Gyanvapi case win of Hindu pleaders in Varanasi court a big step

 


District Judge AK Vishvesh said the court would continue hearing the women's plea - which led to a survey inside the mosque.

A court today agreed to hear the case of five Hindu women who want to offer prayers at a temple inside the Gyanvapi mosque in Varanasi, next to the famous Kashi Vishwanath temple. His petition will be heard on September 22.

Coming up next are 10 real factors from this issue at the forefront of everybody's thoughts

• This is a big step for five women who want permission for annual worship and rituals in a part of the mosque complex. They claim that there are idols of Hindu gods and goddesses in the premises.

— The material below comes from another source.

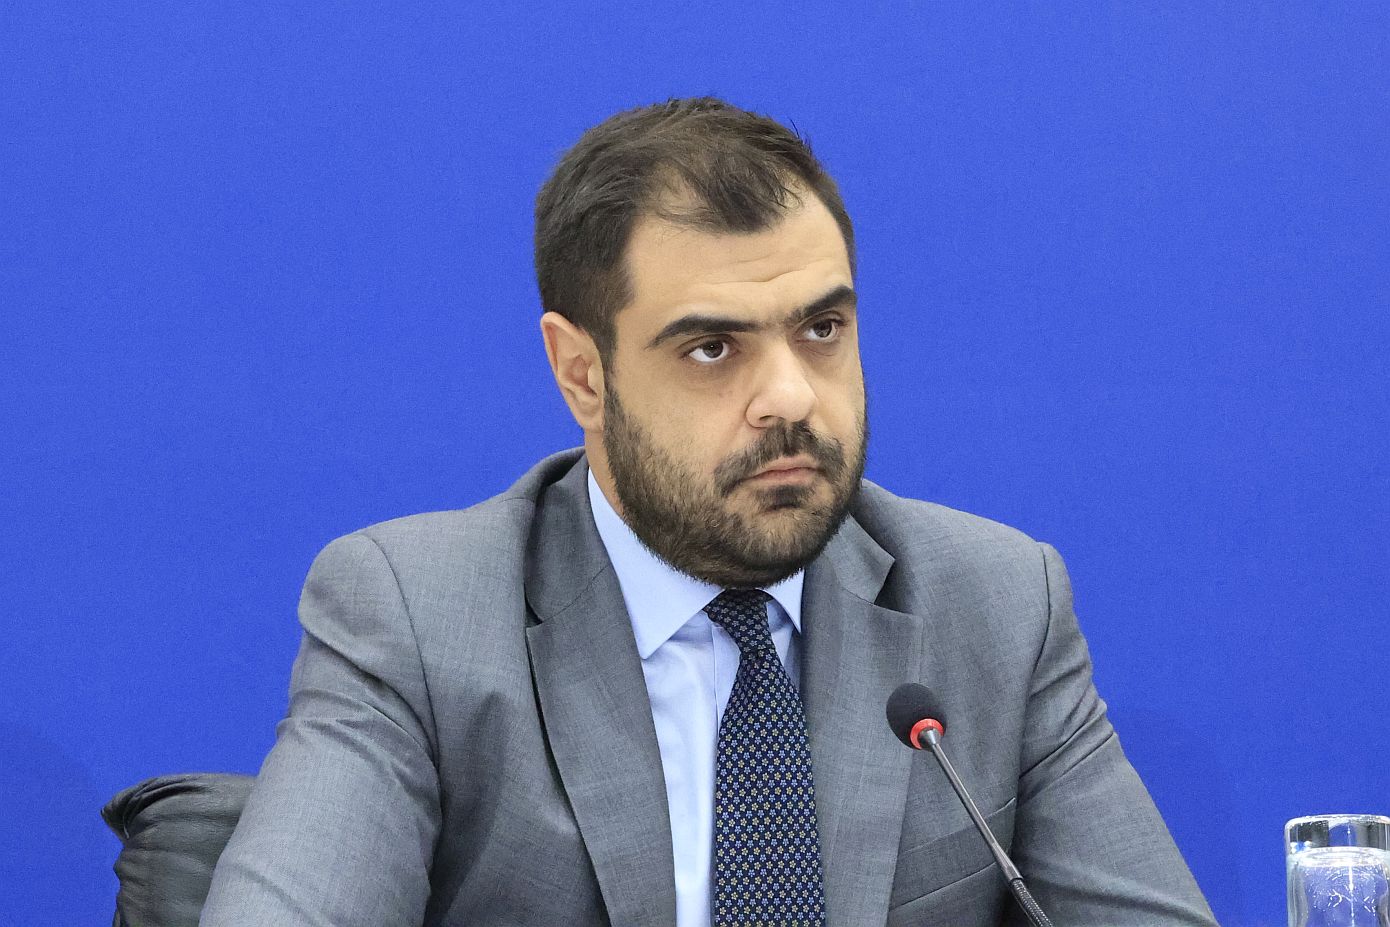 Παύλος Μαρινάκης: Δεν τίθεται κανένα θέμα αλλοίωσης της έρευνας για το δυστύχημα των Τεμπών

• The Muslim petitioners, mainly the mosque administrators, want the petition to be dismissed and said that they are ready to fight up to the Supreme Court.

• His challenge was rejected in all the three cases cited by him. The most important of these is the 1991 law which barred the status of a place of worship that existed on August 15, 1947. The petitioners do not want ownership, only the right to worship, the court said.

• Earlier this year, the trial court ordered the filming of the centuries-old mosque based on a petition by women.

• Videography reports that were controversially leaked by Hindu petitioners claimed that a "Shivalinga" or relic of Lord Shiva was found in a pond within the mosque premises that was used for "Wazhu" or purification rituals before Muslim prayers. was done.

• Then a court sealed the pond and banned large prayer meetings in the high-profile mosque. The social affair ought to be restricted to 20 individuals, the court said.

• Filming inside the mosque was challenged in the Supreme Court by the Gyanvapi Masjid Committee, which said the move violated the 1991 Act (Places of Worship Act).

That's what the Muslim solicitors contended "such petitions and fixing of mosques would prompt public underhandedness and mutual disharmony, influencing mosques the nation over".

• In May, the Supreme Court referred the case to the city's senior-most judge, citing the "complexity and sensitivity" of the dispute, saying it required experienced handling.

• The Gyanvapi Masjid, located in Prime Minister Narendra Modi's constituency (Varanasi), is one of the many mosques that Hindu fundamentalists believe was built on the ruins of temples. It was one of three lines of temple-mosque, apart from Ayodhya and Mathura, that the BJP had erected in the 1980s and 90s, gaining national prominence.